Страница 36 из 54
Василий Алексеевич ожидал, что все его религиозные сомнения разъяснит старец, этот прославленный подвижник, живущий в Огнищанской пустыни. «Если наше монашество, – думал Василий Алексеевич, – произвело такую громадную силу, как св. Митрофаний, то можно надеяться, что и этот старец, которого отец Владимир назвал прозорливцем, назвал человеком, выдающимся из всей монашеской братии, есть человек подобной же силы, той же высшей духовной сферы, к которой принадлежал св. Митрофаний, так чудесно исцеливший его от болезни.

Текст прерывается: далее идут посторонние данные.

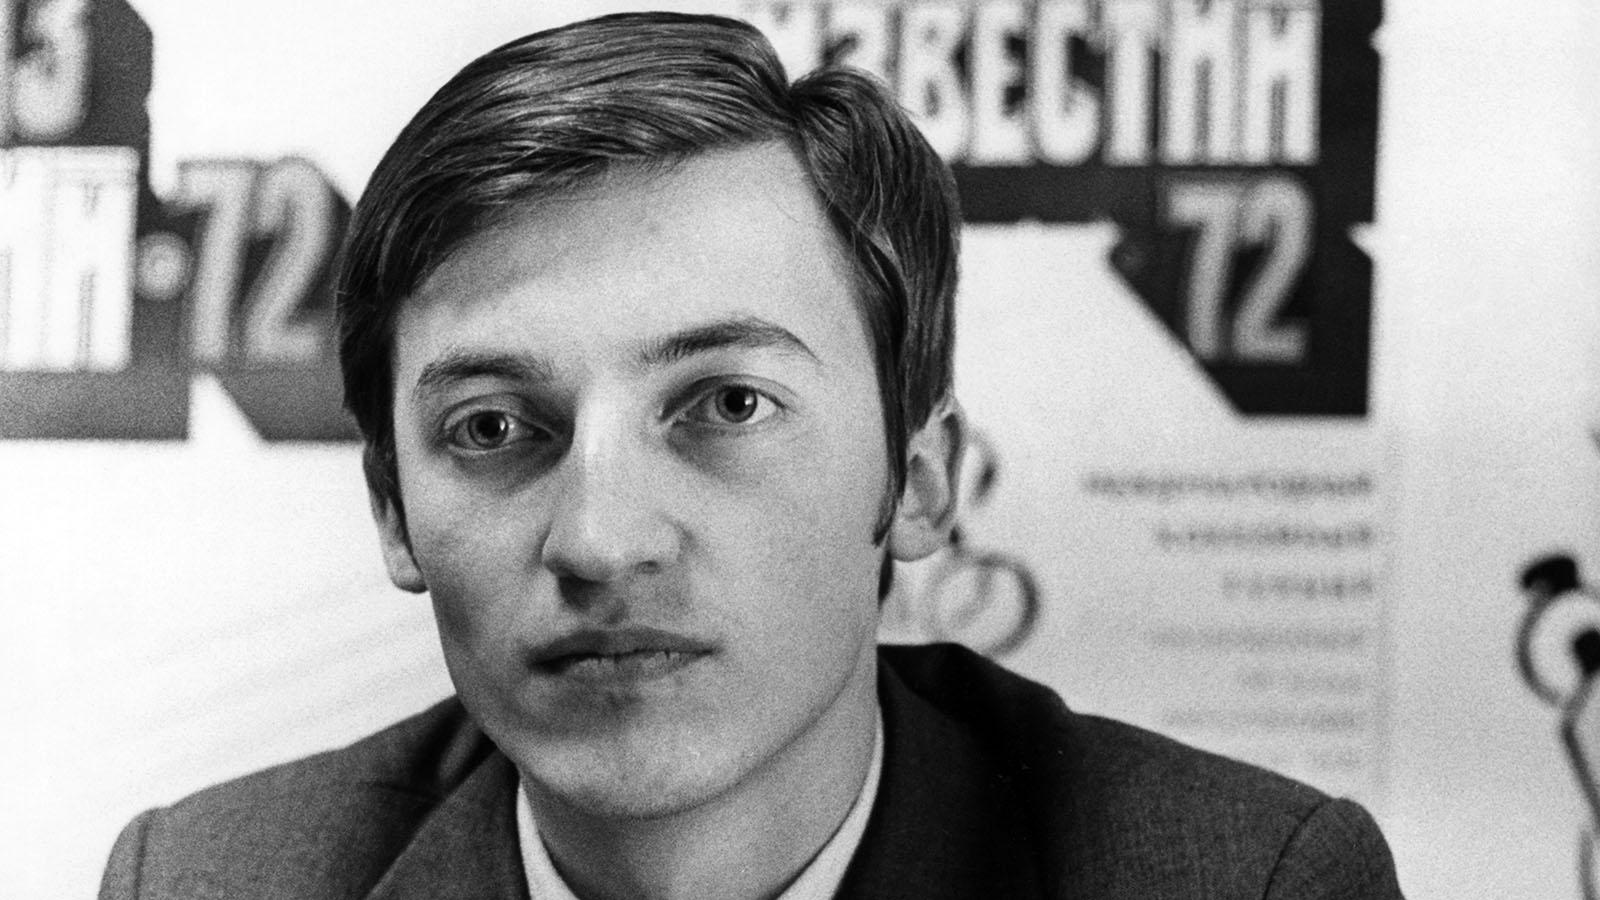 В 1978 году в Багио (Филиппины) за шахматную корону сражались Анатолий Карпов и Виктор Корчной. После долгой и упорной борьбы матч века, как его тогда называли, завершился победой Анатолия Карпова. Страна вздохнула с облегчением… 27 июля 1976 года чемпион СССР Виктор Корчной, находясь на соревнованиях в Амстердаме, попросил политического убежища. Свой шаг он объяснял простым желанием свободно играть в шахматы, не подчиняясь законам и регламентам авторитарного государства.  Но шахматисту предоставили только вид на жительство. Гражданство он получит через 10 лет.

Старец этот скажет ему свое сильное слово, даст ему опору в вере, оздоровит мятущуюся душу, укажет ему путь его жизни. Ведь он, Сухоруков, так страстно желает встать на верную дорогу».
Из Воронежа в Огнищанскую пустынь Василий Алексеевич ехал более двух дней сначала на почтовых. Затем, чтобы добраться до пустыни от почтового тракта, где был поворот на проселочную дорогу, пришлось нанимать уже вольных ямщиков. Эта ближайшая к пустыни дорога была довольно тяжелая; ехать по ней в дормезе было затруднительно. Поэтому Василий Алексеевич решил оставить свой экипаж на почтовой станции, а по проселку ехать в наемном тарантасе.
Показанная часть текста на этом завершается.